También deben aprender a reconocer desigualdades menos visibles.
No siempre existe una discriminación abierta. A veces se manifiesta en interrupciones constantes, una atención desigual, expectativas diferentes, una menor escucha o una distribución desequilibrada del espacio y del protagonismo.
La formación resulta verdaderamente útil cuando no se limita a explicar conceptos, sino que prepara a los equipos para identificar estas situaciones y responder de forma coherente.
Lo que decimos, lo que mostramos y a quién miramos
La igualdad también se refleja en la manera en que una organización se comunica y se relaciona con las personas.
Un formulario, una fotografía, una campaña, una página web o una conversación con un cliente pueden transmitir mensajes que van mucho más allá de su contenido explícito.
Revisar el conjunto de la comunicación
Una comunicación puede utilizar un lenguaje aparentemente neutro y, al mismo tiempo, mostrar siempre a los hombres en puestos de responsabilidad y a las mujeres en funciones de apoyo o cuidado.
Por eso, una comunicación inclusiva no consiste únicamente en escoger determinadas fórmulas lingüísticas.
Implica revisar quién aparece, quién toma la palabra, qué profesiones se representan, qué modelos familiares se dan por supuestos y qué expectativas se proyectan sobre cada persona.
Prestar atención también a los pequeños gestos
A quién miramos durante una reunión, a quién entregamos la documentación, de quién esperamos la decisión final o a quién atribuimos automáticamente determinados conocimientos o responsabilidades son acciones que también pueden reforzar estereotipos.

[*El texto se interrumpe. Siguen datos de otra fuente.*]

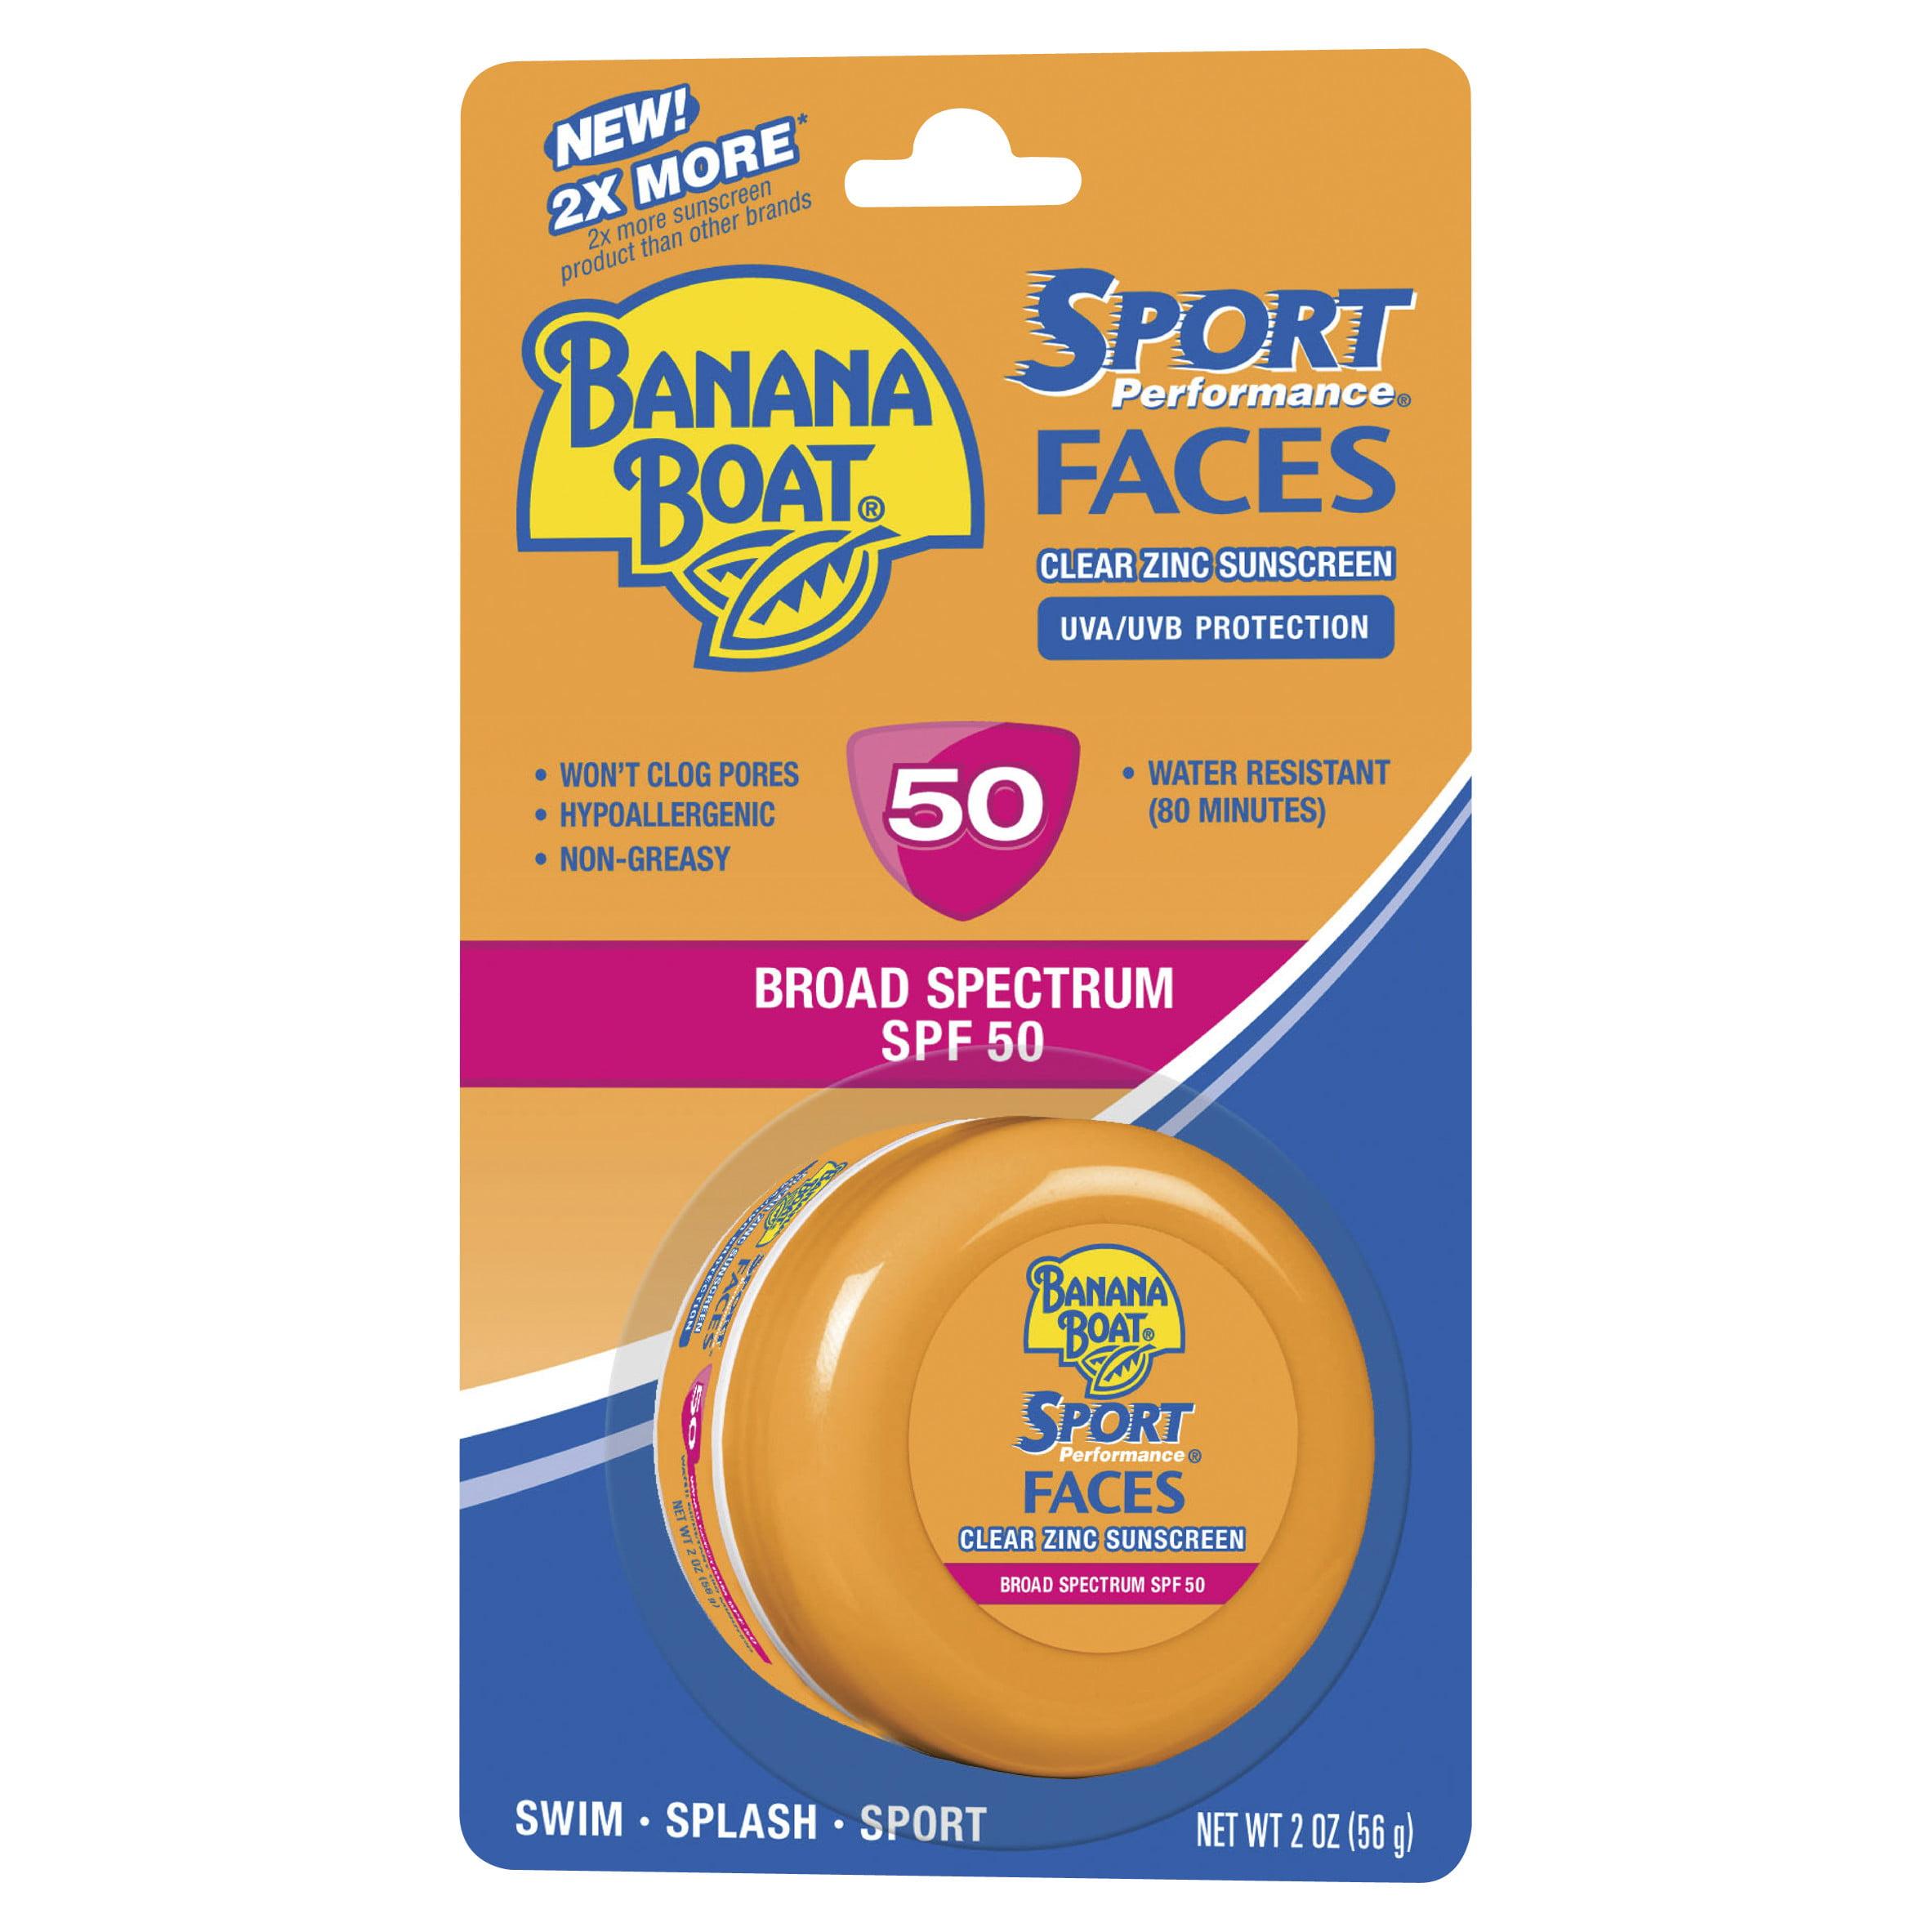 Banana Boat Sport Performance Faces Clear Zinc Sunscreen Lotion SPF 50, 2 Oz Jar

Una atención puede parecer correcta y, sin embargo, dirigirse preferentemente al hombre de una pareja, asumir quién se ocupa de los cuidados o realizar preguntas personales que no son necesarias para prestar el servicio.
Revisar estas prácticas permite construir una atención más respetuosa y profesional, basada en garantizar a todas las personas el mismo reconocimiento, la misma escucha y la misma calidad.
Una responsabilidad de toda la organización
La igualdad no puede depender exclusivamente del departamento de recursos humanos o de las personas especialistas en esta materia.
Cada área tiene una responsabilidad concreta. Quien diseña un servicio debe comprobar que sea inclusivo. Quien coordina equipos debe garantizar una distribución justa de las oportunidades. Quien prepara una campaña debe revisar el lenguaje y las imágenes. Quien atiende al público debe evitar prejuicios y responder adecuadamente ante una posible discriminación.
Cuando la igualdad se incorpora a cada función, deja de percibirse como una obligación externa y pasa a formar parte de la manera de trabajar.
Ese es el verdadero reto: conseguir que los compromisos recogidos en los planes y protocolos sean reconocibles en cada servicio, cada comunicación y cada decisión.
Porque la igualdad no se demuestra únicamente en lo que una empresa declara. Se demuestra, sobre todo, en cómo trabaja.